• _YOUR OBJECTIVE_
Apart from the pictures, every part of the records below gets retyped exactly.

• _EXERCISE INPUTS_

_ _ _ _ _

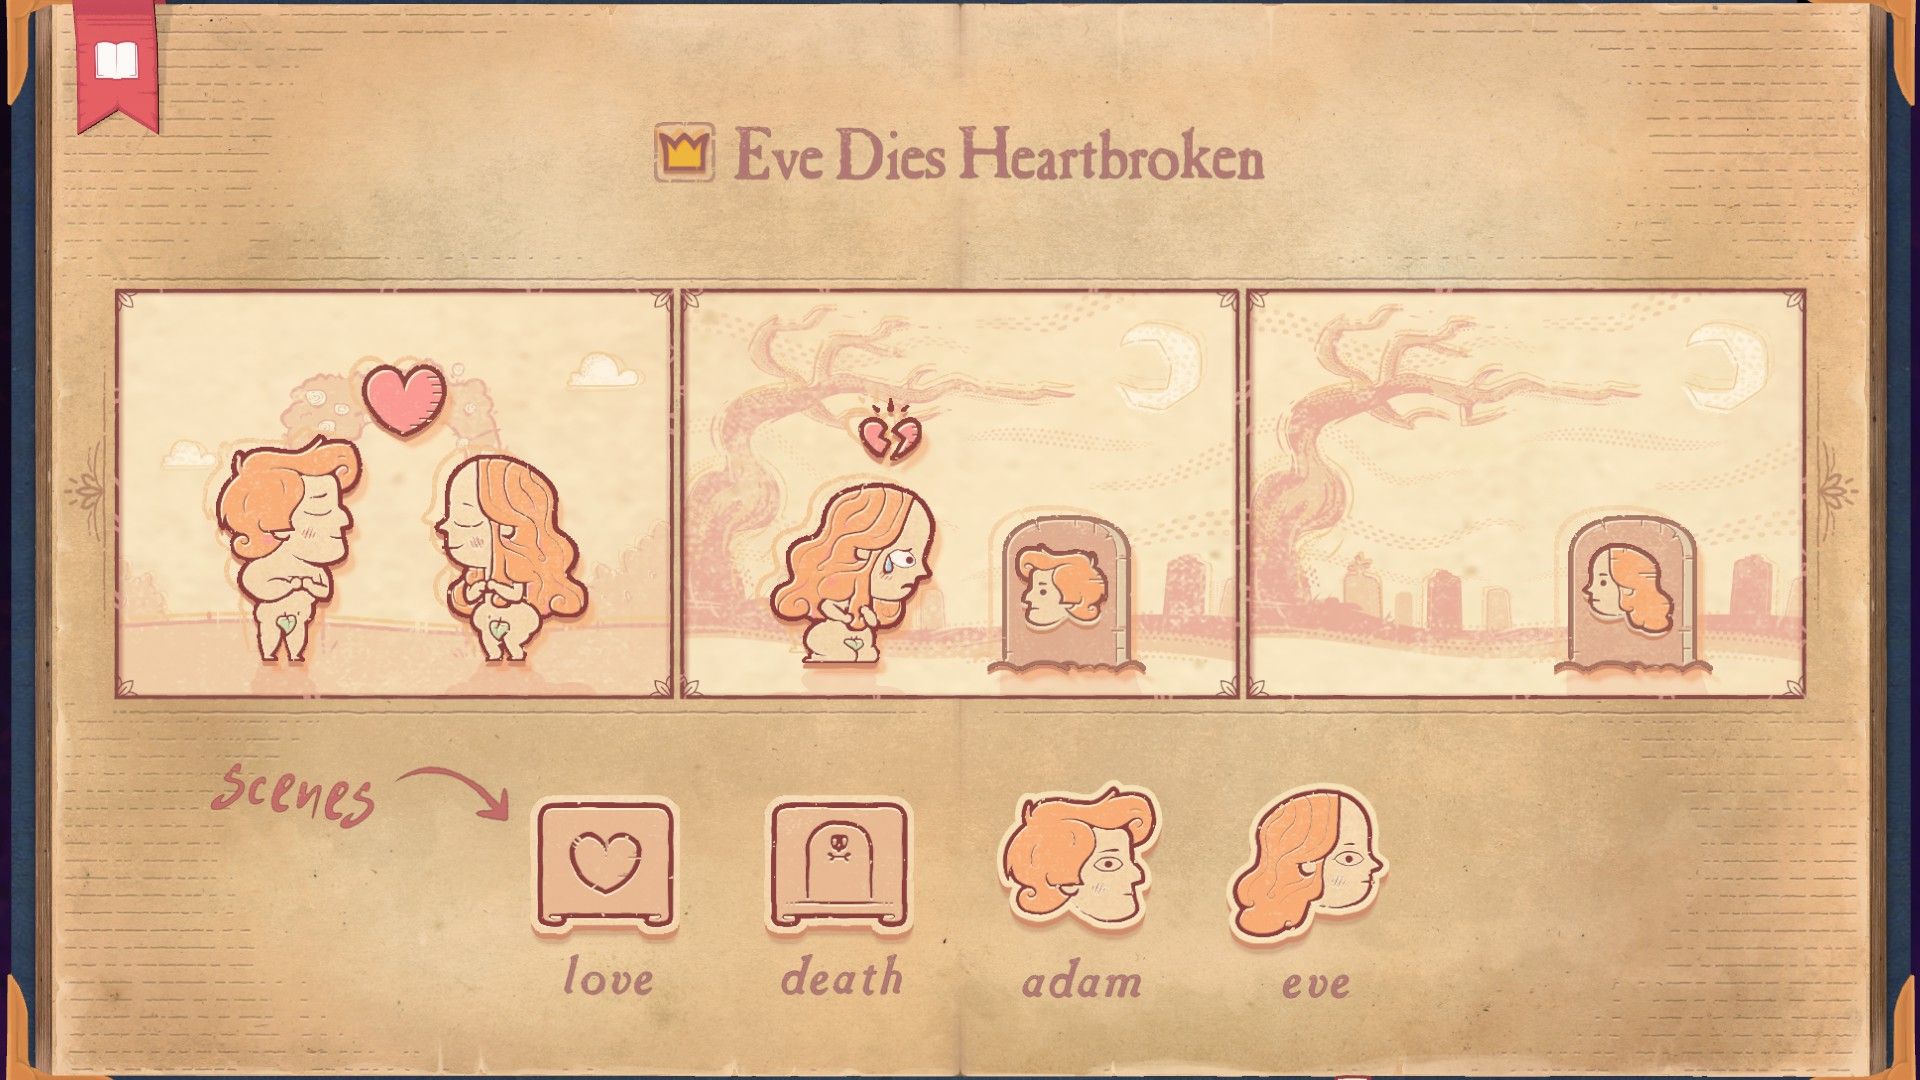 The solution for the Heartbreak section of Stoyteller, showing Eve Dies Heartbroken.
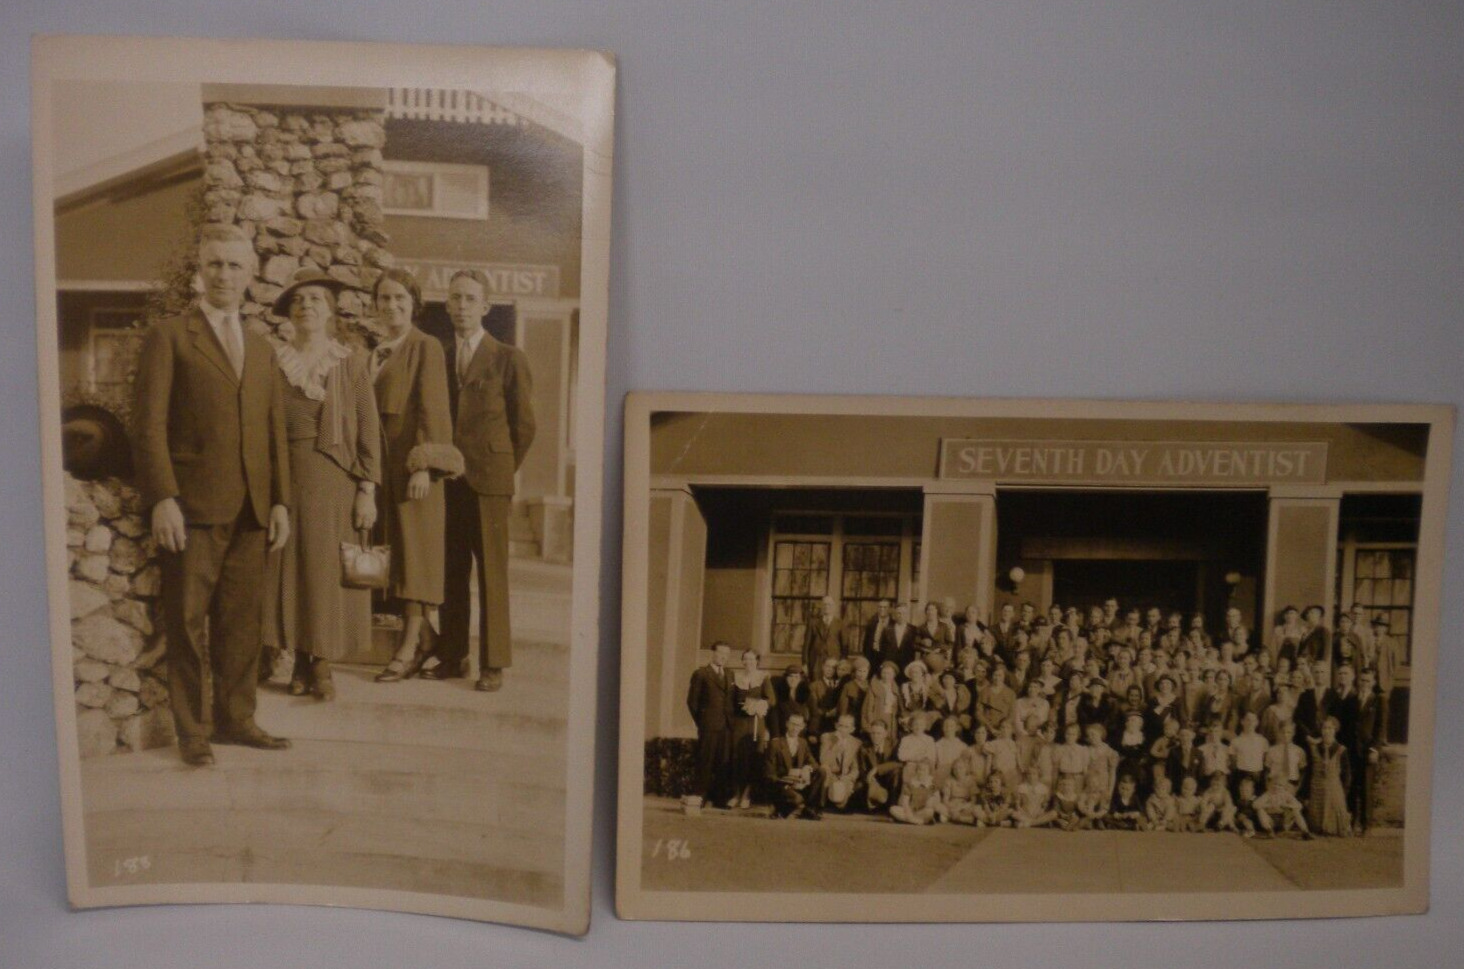 Antique Original Photograph 7th Day Adventist Photos 20s 30s Congregation Church
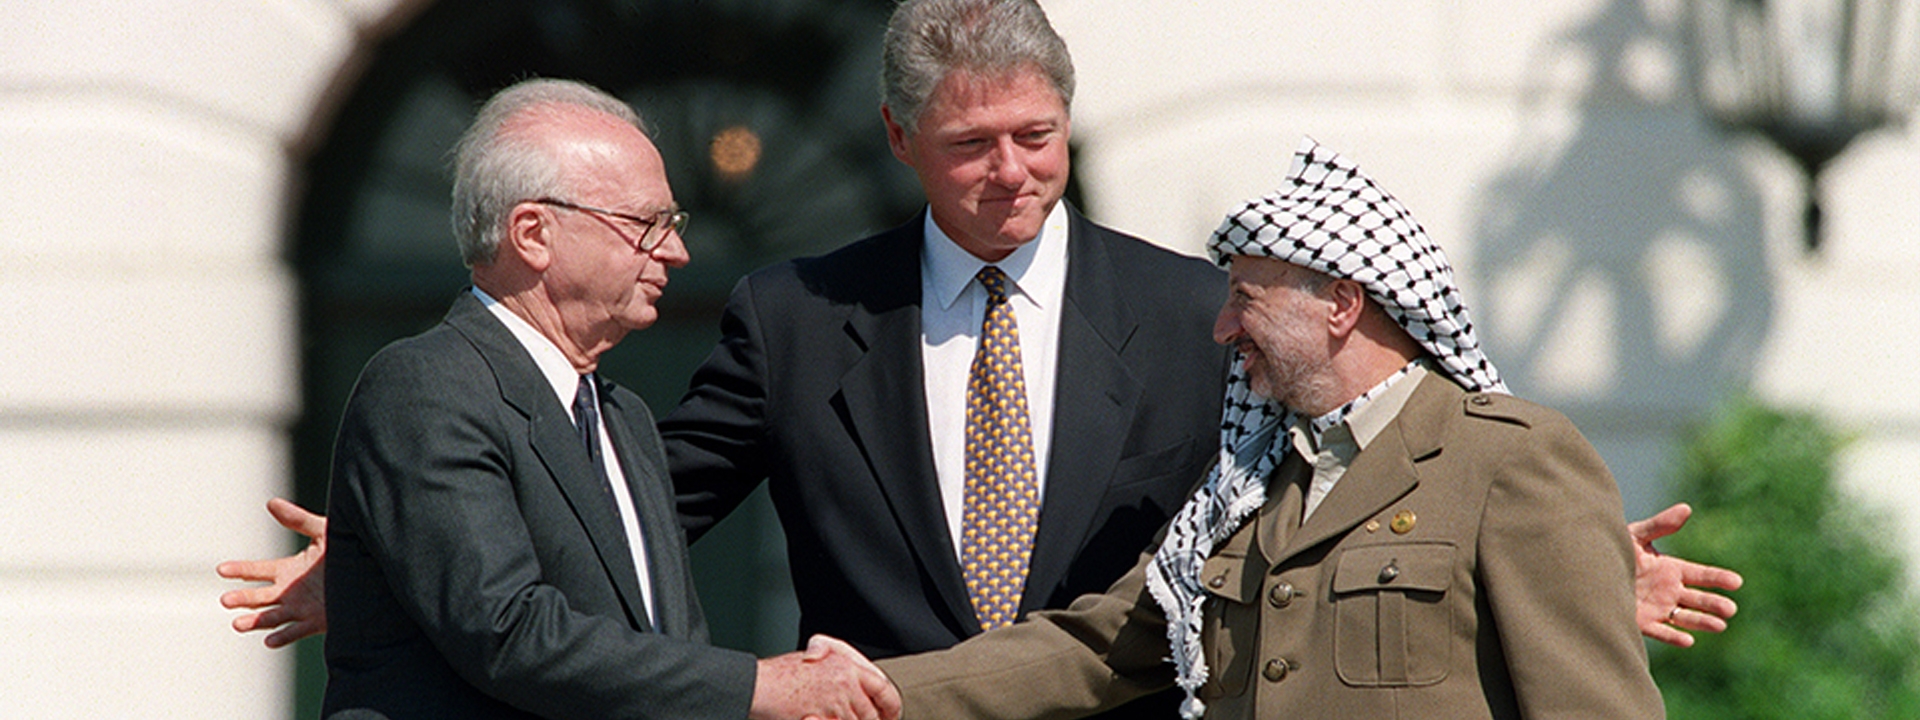 Yitzhak Rabin, Bill Clinton et Yasser Arafat durant les accords d'Oslo le 13 septembre 1993.
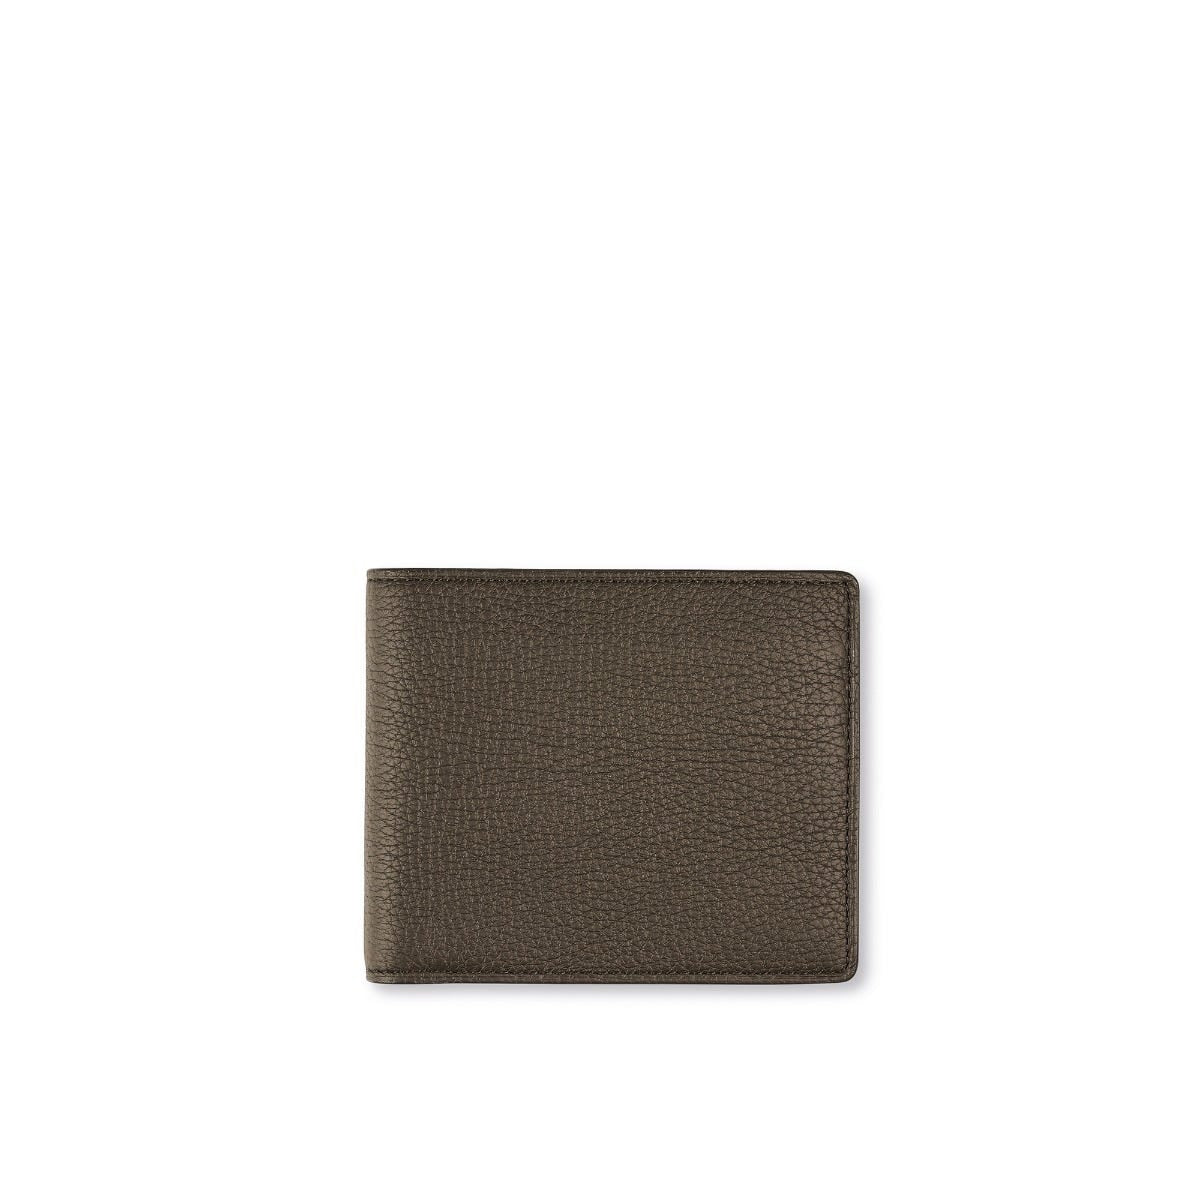 GMT 6cc Billfold Wallet in Soft Grain Leather
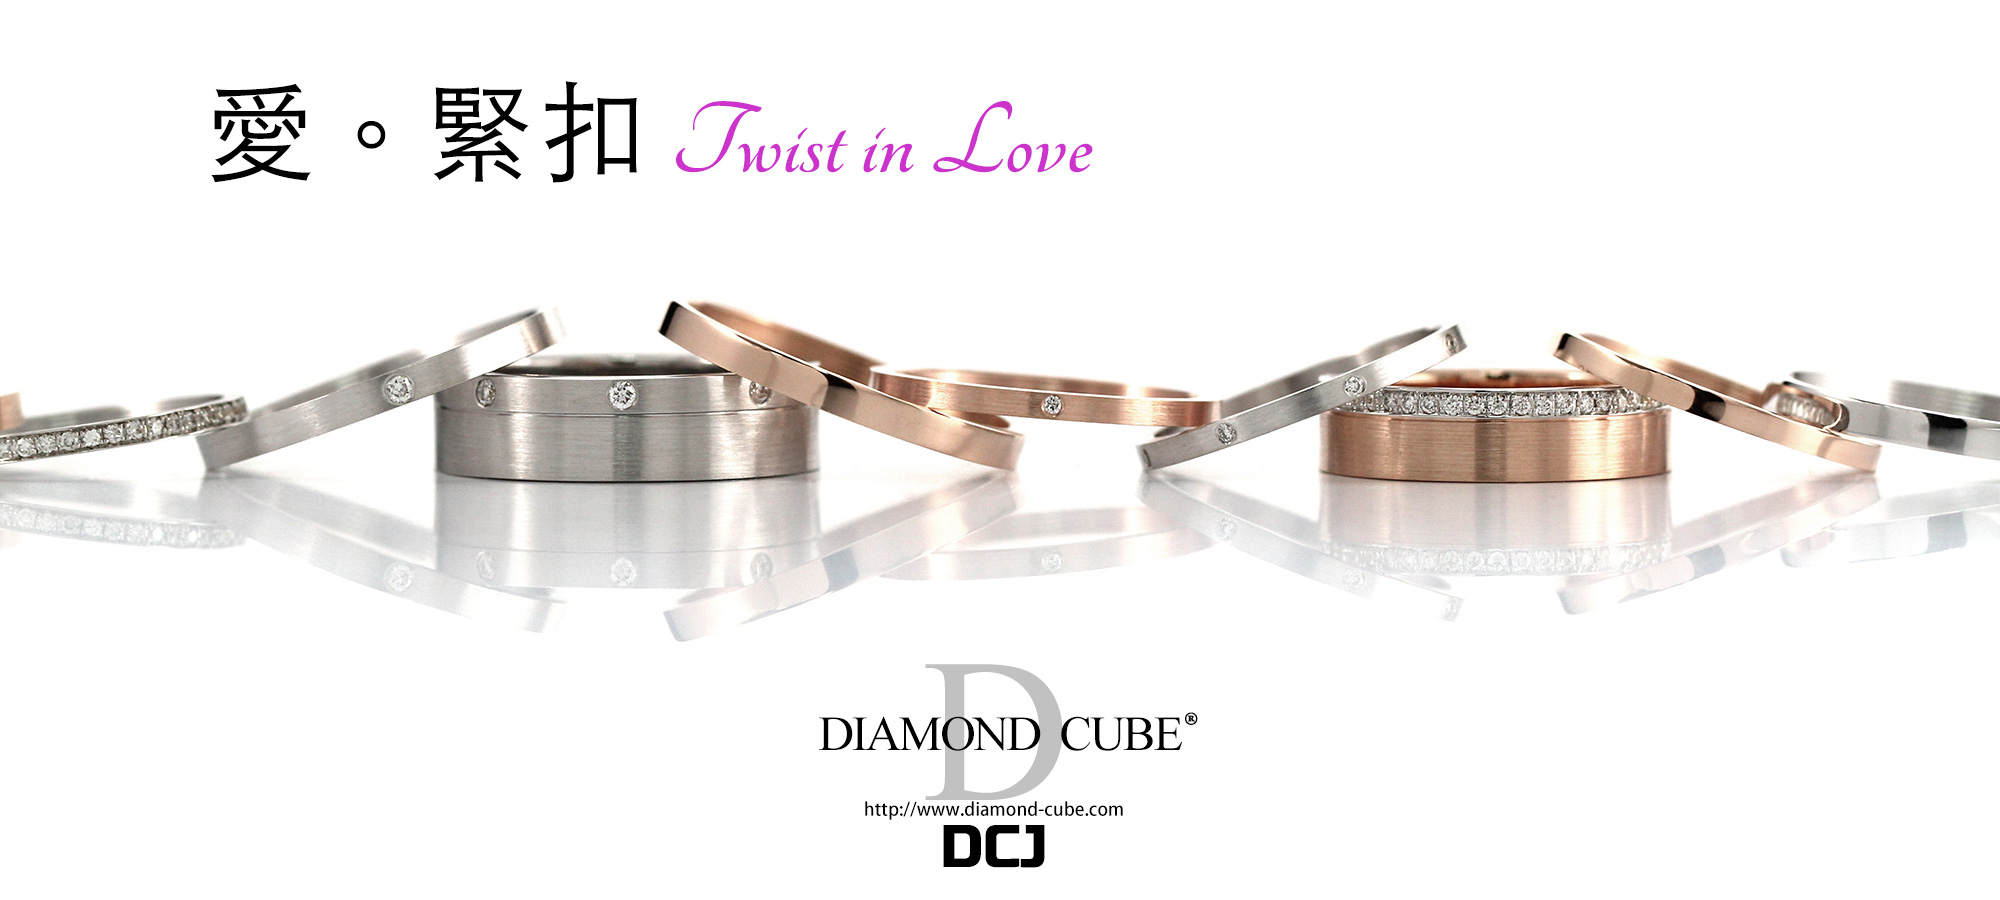 Diamond Cube - 婚戒 - Special - Twist in Love

_ _ _ _ _

• _YOUR RESPONSE_
 The solution for the Heartbreak section of Stoyteller, showing Eve Dies Heartbroken.
 Antique Original Photograph 7th Day Adventist Photos 20s 30s Congregation Church
 Yitzhak Rabin, Bill Clinton et Yasser Arafat durant les accords d'Oslo le 13 septembre 1993.
 GMT 6cc Billfold Wallet in Soft Grain Leather
 Diamond Cube - 婚戒 - Special - Twist in Love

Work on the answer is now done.